In the midst of the severe trade battle between the United States and China, a mostly ignored trend is the endeavor by huge US banks to compete in China’s quickly rising financial industry. China has declared exact dates for the start of full foreign ownership of mainland-based financial services firms. Foreign ownership limitations on futures businesses, fund management firms, and securities firms will be eliminated on January 1, April 1, and December 1, respectively, according to the China Securities Regulatory Commission.
“China is very determined to reform its financial markets and knows that without the major American players, it is very difficult to talk about having a truly internationalized market,” observes Michael Pettis, a finance professor at Peking University’s Guanghua School of Management, according to a detailed Bloomberg report. “It also makes sense for China to accommodate a very major source of lobbying funding, particularly given how little there is in the United States right now,” he said.
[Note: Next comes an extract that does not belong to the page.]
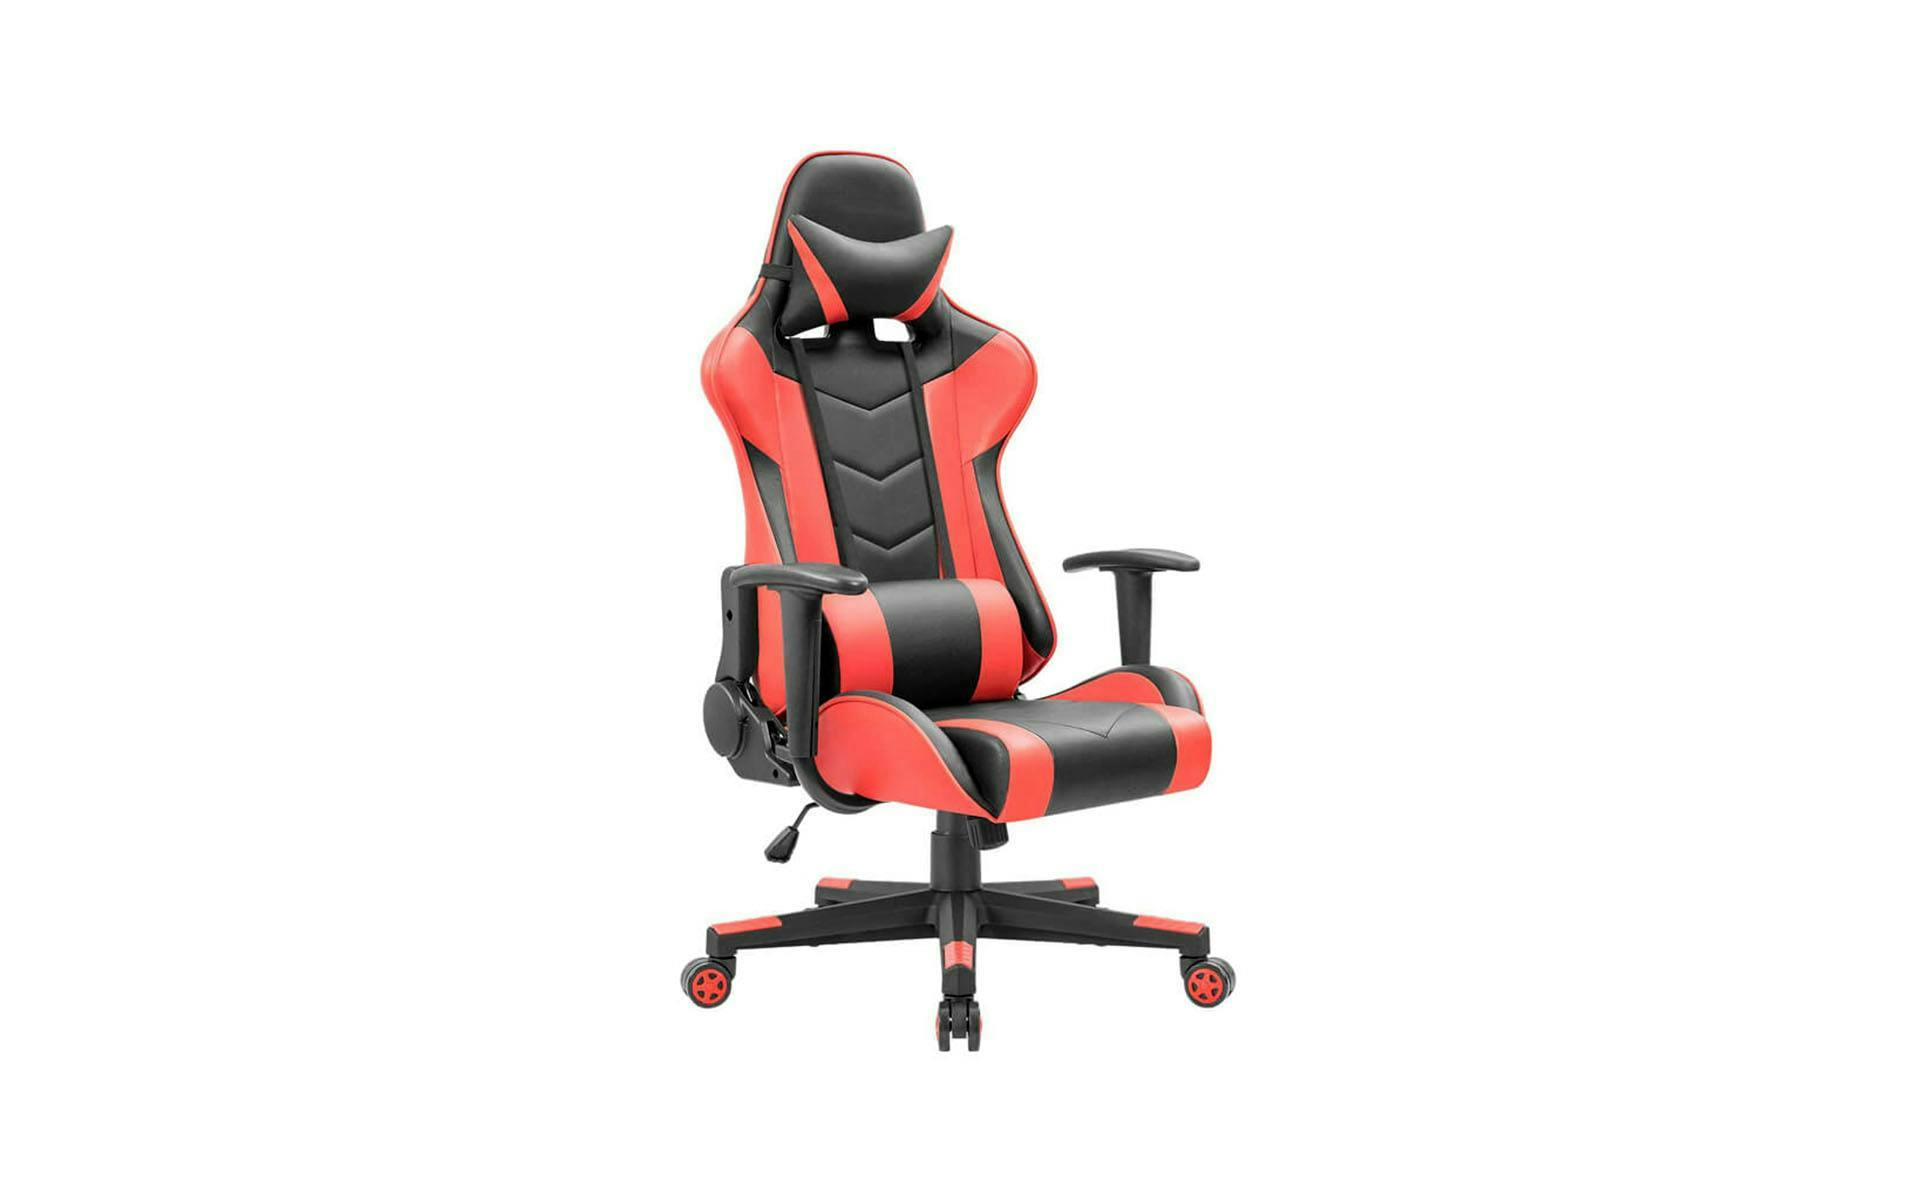 Schwarz-roter Zocker Stuhl in klassischer "Racing" Form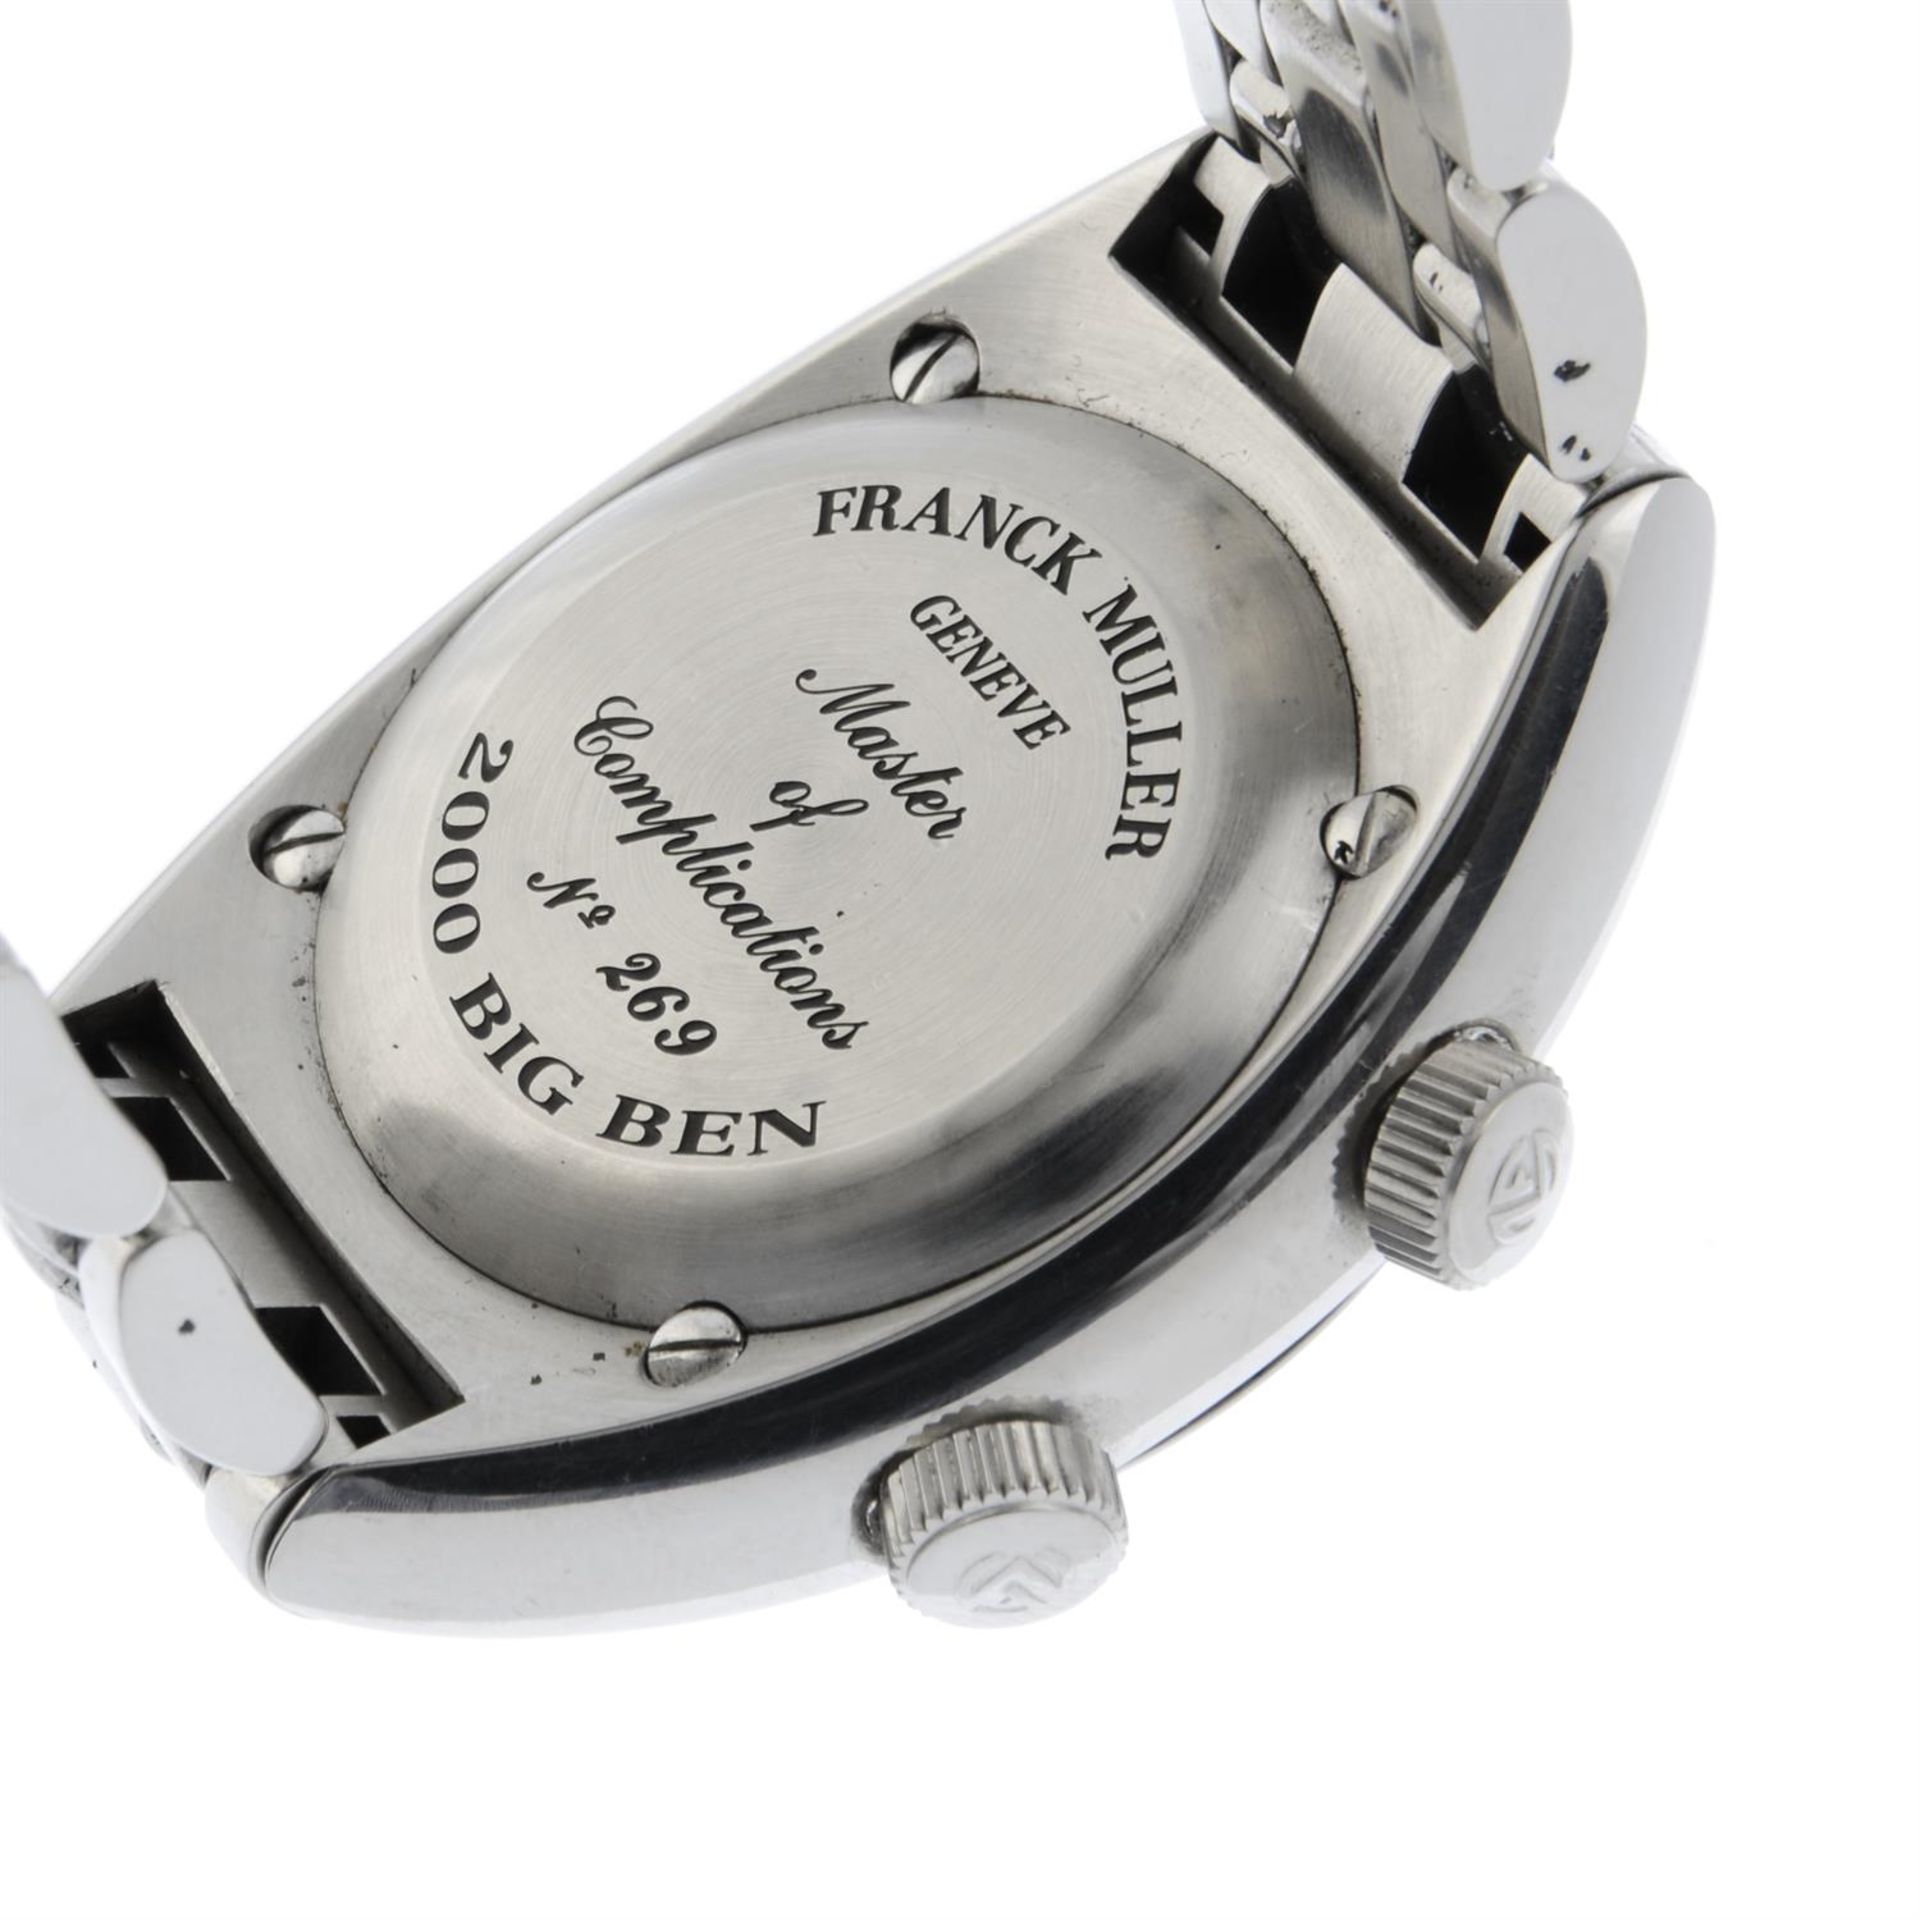 FRANCK MULLER - a stainless steel TransAmerica 2000 Big Ben GMT alarm bracelet watch, 40mm. - Image 5 of 7

To that end, officials from JPMorgan Chase & Co. (JPM), Goldman Sachs Group Inc. (GS), and Morgan Stanley (MS), as well as hedge fund and private equity companies The Blackstone Group (BX), and Citadel, recently met with top Chinese authorities in Beijing. However, a fresh wave of hostilities may cast doubt on their optimism. According to The Wall Street Journal, the US has slapped export restrictions on more than two dozen Chinese enterprises, accusing them of exploiting Muslim minority, as well as visa restrictions on Chinese officials.
- China is opening its financial market to international institutions, including those from the United States.
- Chinese policymakers regard this as critical to revamping the country’s banking industry.
- US banks are rapidly expanding in China.
Significance for Investors
China, the world’s most populous nation with roughly 1.4 billion people, has a banking system worth $43 trillion, according to Bloomberg. According to a study from the China Banking Association, total profits made by Chinese commercial banks in 2018 were approximately $267 billion, according to China Daily. According to FDIC statistics released by Reuters, the US banking industry earned $62.6 billion in profits in the second quarter of 2019.
The Chinese financial sector has been plagued by a variety of issues that officials think may be addressed by allowing top international firms with superior business practices to join the market. Among these difficulties include record-high corporate bond defaults, an increase in the amount of bad loans, huge accounting mistakes by publicly traded corporations, and erroneous filings by IPO hopefuls.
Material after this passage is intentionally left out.